Le système de gestion de la qualité requis est la norme ISO 13485:2016, qui exige une validation complète du processus de marquage selon une approche IQ/OQ/PQ (qualification de l’installation, qualification opérationnelle, qualification des performances). Toute variation des paramètres du laser doit être justifiée et documentée. Le processus doit être répétable et reproductible avec un Cpk ≥ 1,33 sur les caractéristiques critiques – degré de lisibilité du code, rugosité de la surface dans la zone marquée, absence d’altérations métallographiques.
Les limites des technologies pré-laser
Avant que le marquage au laser ne devienne accessible, même pour les petites et moyennes séries, les fabricants de produits dentaires avaient essentiellement deux solutions : la gravure mécanique à l’aide de pantographes ou d’outils diamantés, et la tampographie avec des encres spéciales. Toutes deux présentent des criticités structurelles qui deviennent insoutenables avec les exigences du MDR.
Le mordançage mécanique introduit des contraintes de surface par déformation plastique : sur le titane de grade 4 ou 23 (Ti-6Al-4V ELI), cela peut provoquer des microfissures près du marquage, créant des sites de déclenchement pour la corrosion par crevasses dans l’environnement buccal. La rugosité induite (typiquement Ra > 0,4 µm dans la zone gravée) favorise la colonisation bactérienne qui, sur les surfaces implantaires péri-crestales, est un facteur de risque critique pour la péri-implantite. La tampographie, en revanche, n’est pas du tout autorisée pour les marquages permanents sur les dispositifs réutilisables : les encres ne résistent pas aux cycles de stérilisation à la vapeur saturée à 134°C/3 bars et les réglementations interdisent explicitement les colorants ou les pigments non biocompatibles en contact avec les tissus.
Marquage laser pour les dispositifs médicaux dentaires : mécanisme physique et avantages clés
Le laser agit sur le métal par un mécanisme d’interaction photon-réseau cristallin bien distinct de l’enlèvement mécanique. L’énergie du faisceau est absorbée par les électrons de conduction du métal et transférée au réseau dans des temps de l’ordre de la picoseconde (pour les sources pulsées nanosecondes) ou de la femtoseconde (pour les sources ultra-courtes). Le résultat dépend de la fluence appliquée : en dessous du seuil d’ablation, le matériau subit une modification oxydative de la surface – un phénomène qui, sur le titane, produit le noircissement caractéristique par la formation d’une couche de TiO₂ d’épaisseur contrôlable entre 20 et 200 nm.

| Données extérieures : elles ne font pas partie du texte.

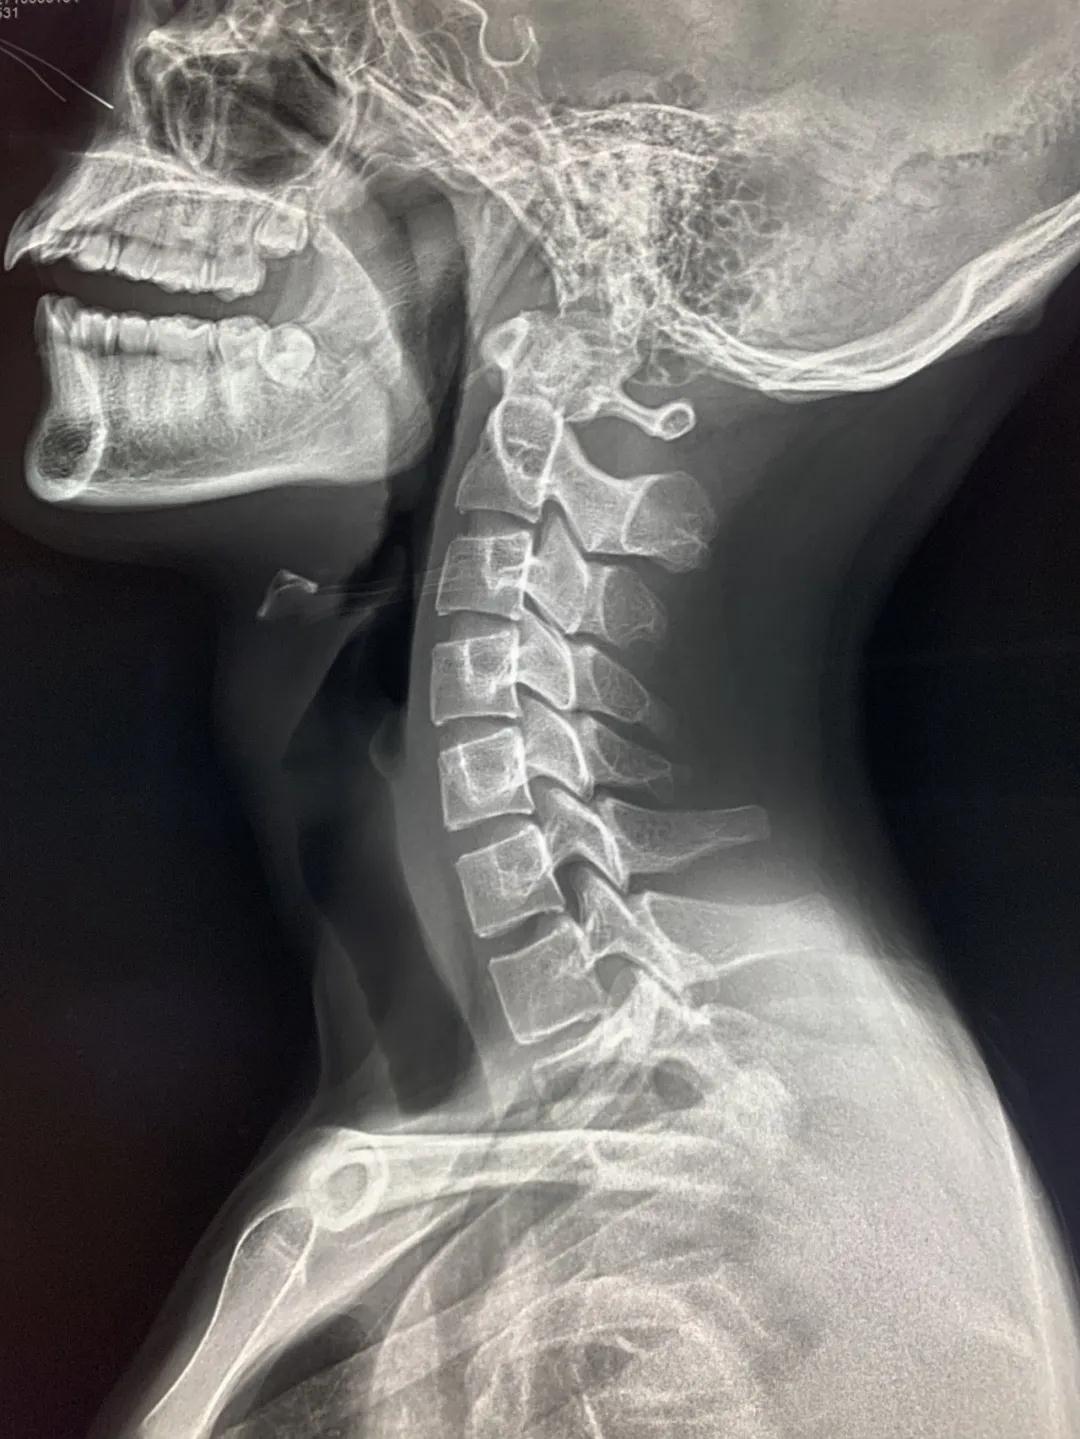 7.颈椎的形态-基础医学-医学

Cet oxyde n’est pas un contaminant : il est chimiquement identique à la couche passive qui rend le titane biocompatible, mais avec une épaisseur optimisée pour l’absorption visuelle qui génère le contraste optique nécessaire à la lecture du DataMatrix.

Les sources à fibre Yb:YAG (1064 nm ) constituent le choix prédominant pour l’acier inoxydable (AISI 316L, ISO 5832-1) et les alliages cobalt-chrome : la bonne absorbance infrarouge de ces matériaux, associée à des puissances de crête pouvant atteindre 15 kW en mode Q-switch, permet des vitesses de marquage élevées – 8 000-10 000 mm/s avec des têtes galvanométriques à haute inertie – tout en maintenant la zone d’influence thermique dans une fourchette de 3-5 µm. Le laser UV 355 nm (troisième harmonique Nd:YAG) est préféré pour le titane de haute pureté, le PEEK et les polymères biocompatibles : la longueur d’onde plus courte assure des spots de 10-15 µm avec une énergie par impulsion typiquement inférieure à 100 µJ, réduisant encore le stress thermique et permettant le marquage sur une surface < 2×2 mm sans distorsion géométrique. Le laser vert 532 nm trouve des applications sur les matériaux à forte réflectivité infrarouge, tels que certains aciers hautement polis pour les composants prothétiques esthétiques.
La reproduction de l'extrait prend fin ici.